Dataset records:
──────────

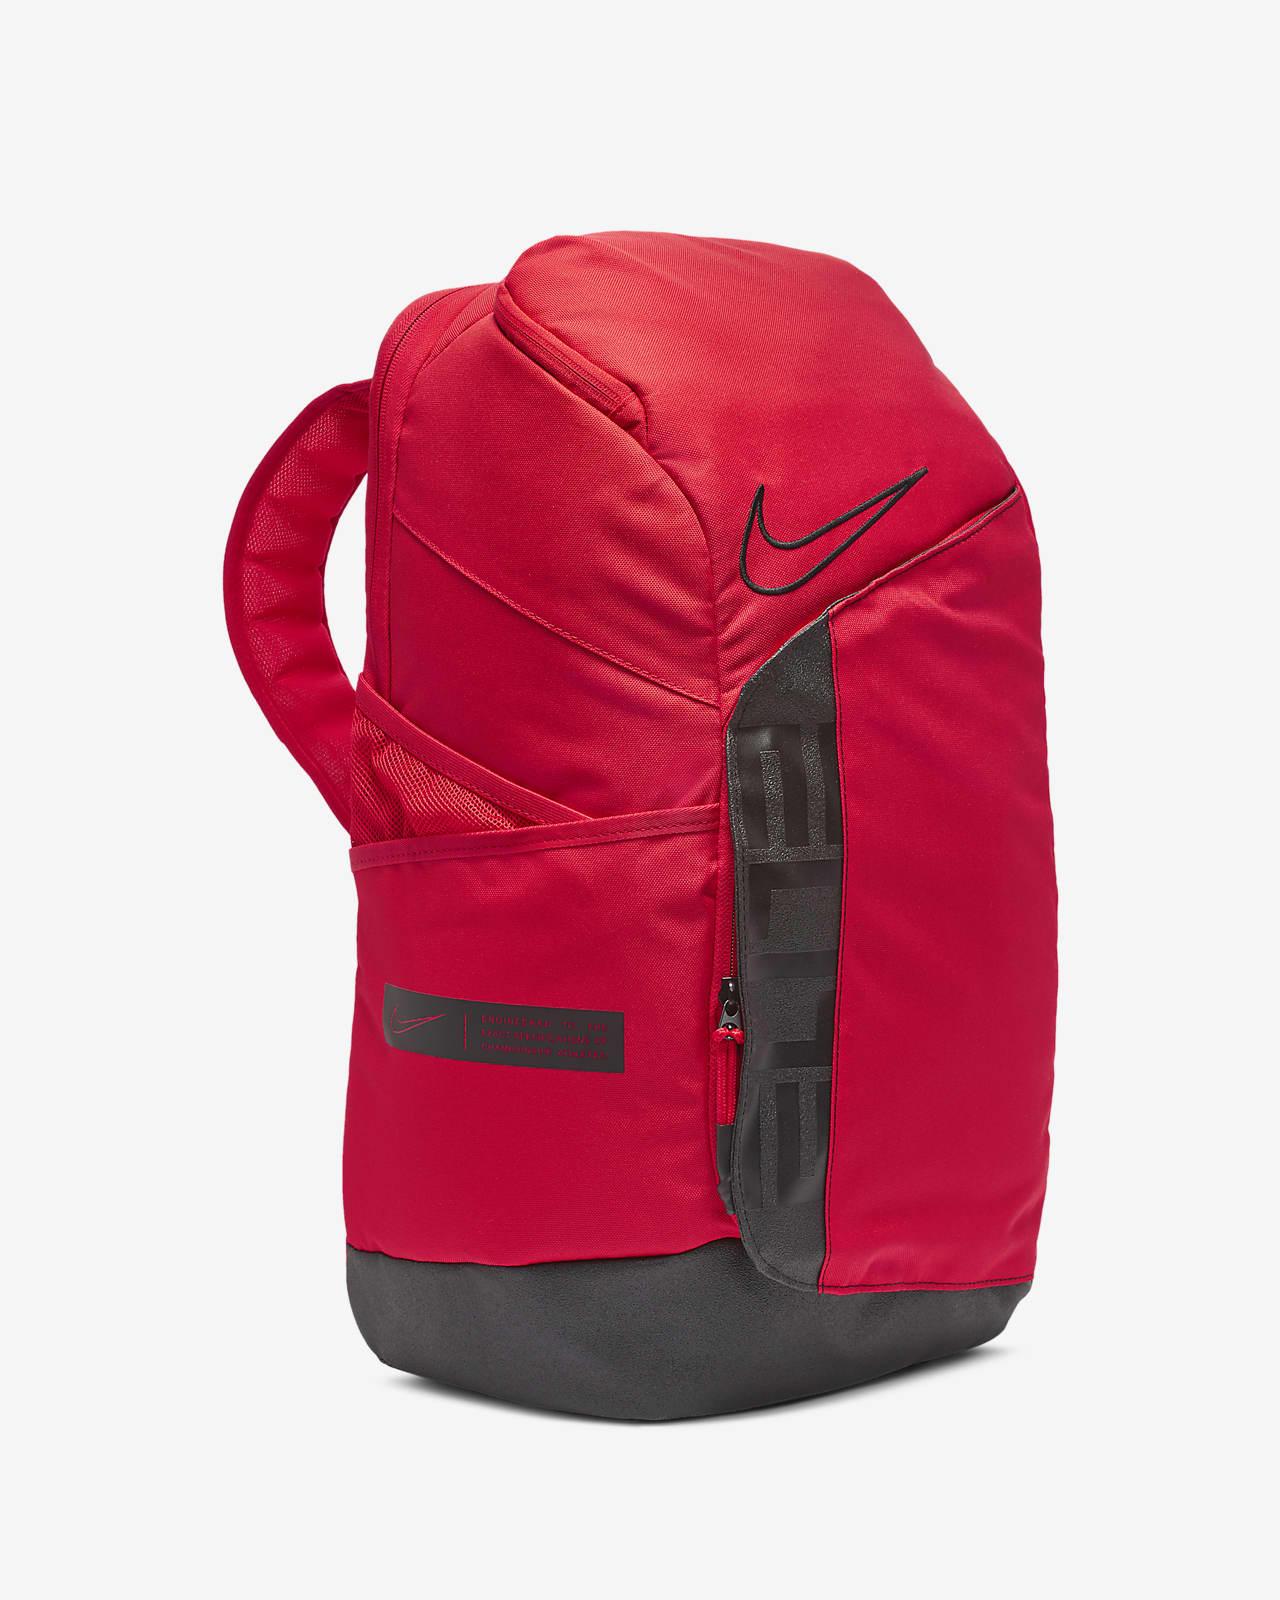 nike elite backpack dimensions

──────────

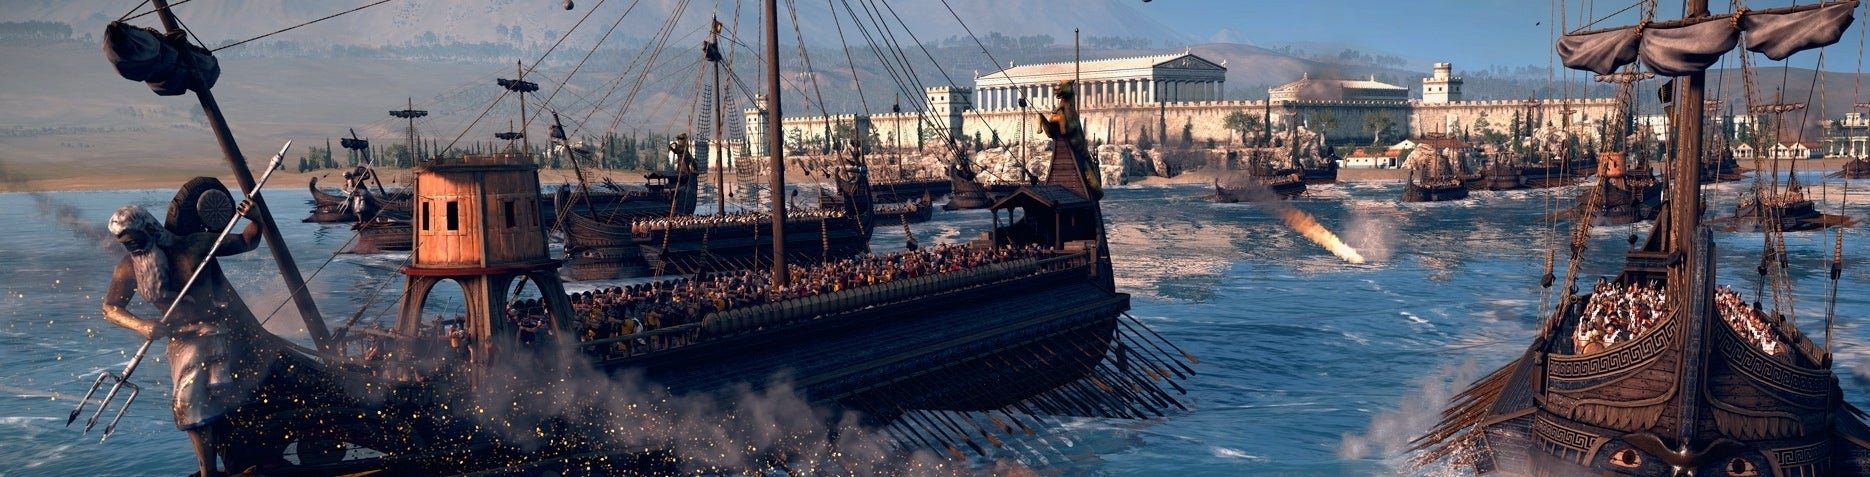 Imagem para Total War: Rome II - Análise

──────────

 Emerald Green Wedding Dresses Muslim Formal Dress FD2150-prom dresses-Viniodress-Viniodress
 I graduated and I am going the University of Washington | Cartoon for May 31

──────────

Task goal: The answer is the run of lines above from the line containing "Emerald Green Wedding" through the line containing "I graduated and", copied exactly and alone.

Answer:
 Emerald Green Wedding Dresses Muslim Formal Dress FD2150-prom dresses-Viniodress-Viniodress
 I graduated and I am going the University of Washington | Cartoon for May 31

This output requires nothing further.